Impact of the prior loop iteration on the execution time of the current iteration

Question

I am trying to measure the performance of concurrent insertion in folly hashmap. A simplified version of a program for such insertion is brought here:

#include <folly/concurrency/ConcurrentHashMap.h>
#include <chrono>
#include <iostream>
#include <mutex>
#include <thread>
#include <vector>

const int kNumMutexLocks = 2003;
std::unique_ptr<std::mutex[]> mutices(new std::mutex[kNumMutexLocks]);
__inline__ void
concurrentInsertion(unsigned int threadId, unsigned int numInsertionsPerThread,
                    unsigned int numInsertions, unsigned int numUniqueKeys,
                    folly::ConcurrentHashMap<int, int> &follyMap) {
  int base = threadId * numInsertionsPerThread;
  for (int i = 0; i < numInsertionsPerThread; i++) {
    int idx = base + i;
    if (idx >= numInsertions)
      break;
    int val = idx;
    int key = val % numUniqueKeys;
    mutices[key % kNumMutexLocks].lock();
    auto found = follyMap.find(key);
    if (found != follyMap.end()) {
      int oldVal = found->second;
      if (oldVal < val) {
        follyMap.assign(key, val);
      }
    } else {
      follyMap.insert(key, val);
    }
    mutices[key % kNumMutexLocks].unlock();
  }
}

void func(unsigned int numInsertions, float keyValRatio) {
  const unsigned int numThreads = 12; // Simplified just for this post
  unsigned int numUniqueKeys = numInsertions * keyValRatio;
  unsigned int numInsertionsPerThread = ceil(numInsertions * 1.0 / numThreads);
  std::vector<std::thread> insertionThreads;
  insertionThreads.reserve(numThreads);
  folly::ConcurrentHashMap<int, int> follyMap;

  auto start = std::chrono::steady_clock::now();
  for (int i = 0; i < numThreads; i++) {
    insertionThreads.emplace_back(std::thread([&, i] {
      concurrentInsertion(i, numInsertionsPerThread, numInsertions,
                          numUniqueKeys, follyMap);
    }));
  }
  for (int i = 0; i < numThreads; i++) {
    insertionThreads[i].join();
  }
  auto end = std::chrono::steady_clock::now();

  auto diff = end - start;
  float insertionTimeMs =
      std::chrono::duration<double, std::milli>(diff).count();
  std::cout << "i: " << numInsertions << "\tj: " << keyValRatio
            << "\ttime: " << insertionTimeMs << std::endl;
}

int main() {
  std::vector<float> js = {0.5, 0.25};
  for (auto j : js) {
    std::cout << "-------------" << std::endl;
    for (int i = 2048; i < 4194304 * 8; i *= 2) {
      func(i, j);
    }
  }  
}

The problem is that using this loop in main, suddenly increases the measured time in the func function.
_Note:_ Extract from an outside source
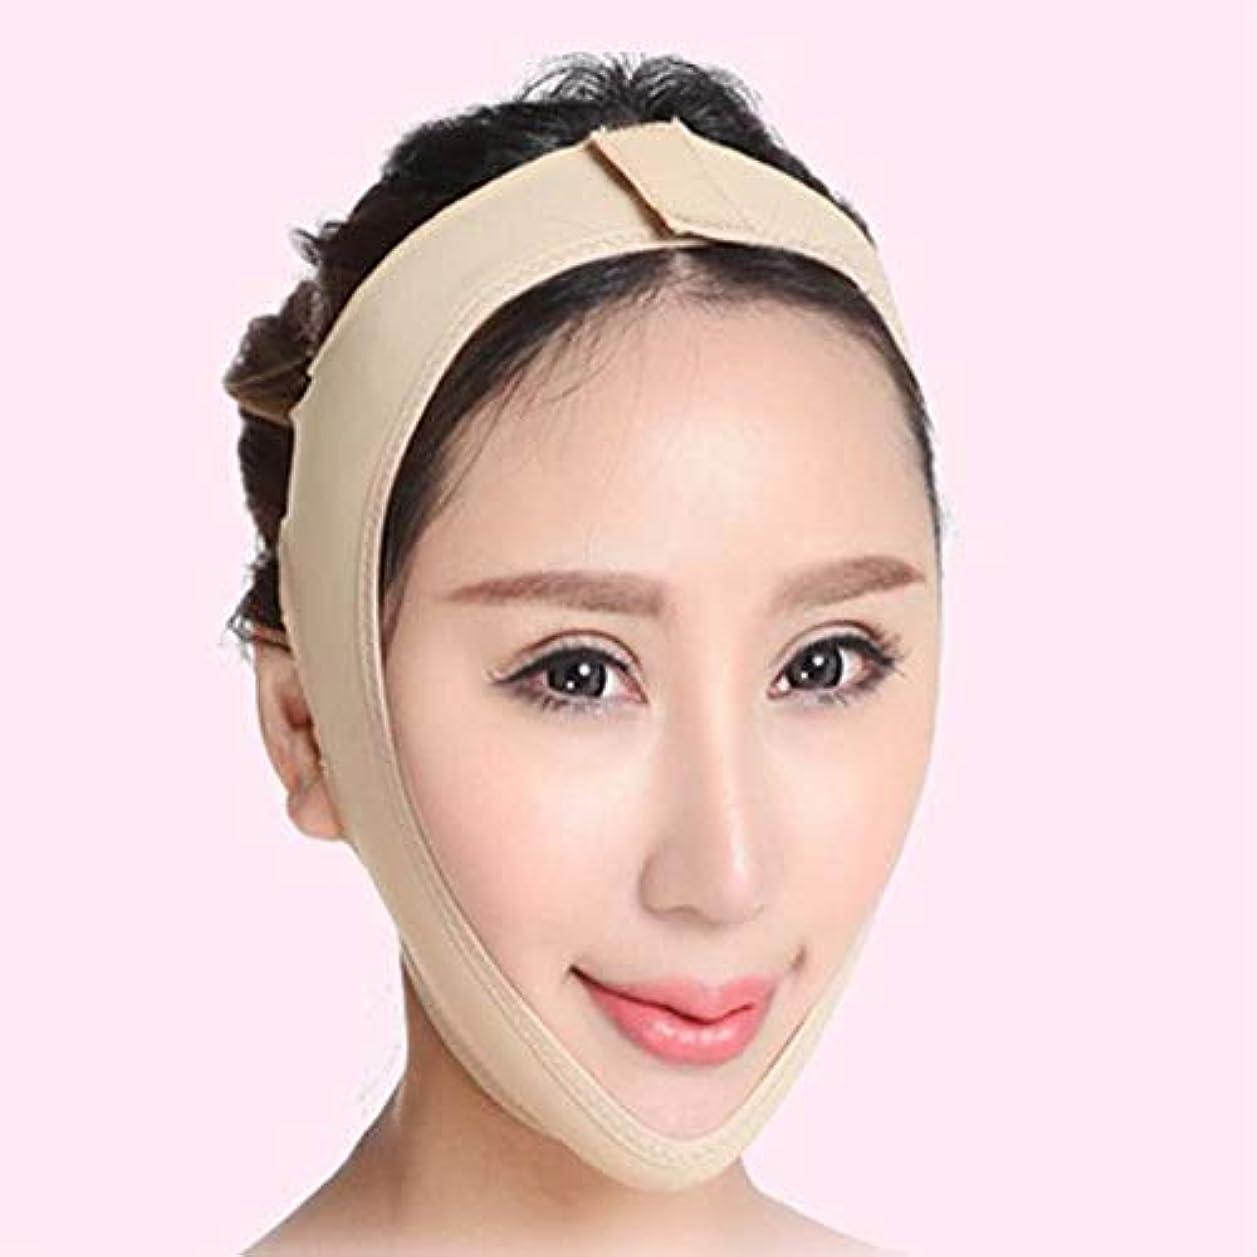 教育者昇進珍しいMR 小顔マスク リフトアップ マスク フェイスラインシャープ メンズ レディース Sサイズ MR-AZD15003-S

That is, if I call the function directly from main without any loop (as shown in what follows), the measure time for some cases is suddenly more than 100X smaller.

int main() {
  func(2048, 0.25); // ~ 100X faster now that the loop is gone.
}

Possible Reasons

I allocate a huge amount of memory while building the hasmap. I believe when I run the code in a loop, while the second iteration of loop being executed the computer is busy freeing the memory for the first iteration. Hence, the program becomes much slower. If this is the case, I'd be grateful if someone can suggest a change that I can get the same results with loop.

More Details

Please note that if I unroll the loop in main, I have the same issue. That is, the following program has the same problem:

int main() {
  performComputation(input A);
  ...
  performComputation(input Z);
}

Sample Output

The output of the first program is shown here:

i: 2048     j: 0.5  time: 1.39932
...
i: 16777216 j: 0.5  time: 3704.33
------------- 
i: 2048     j: 0.25 time: 277.427 <= sudden increase in execution time
i: 4096     j: 0.25 time: 157.236
i: 8192     j: 0.25 time: 50.7963
i: 16384    j: 0.25 time: 133.151
i: 32768    j: 0.25 time: 8.75953
...
i: 2048     j: 0.25 time: 162.663

Running the func alone in main with i=2048 and j=0.25 yields:

i: 2048     j: 0.25 time: 1.01

Any comment/insight is highly appreciated.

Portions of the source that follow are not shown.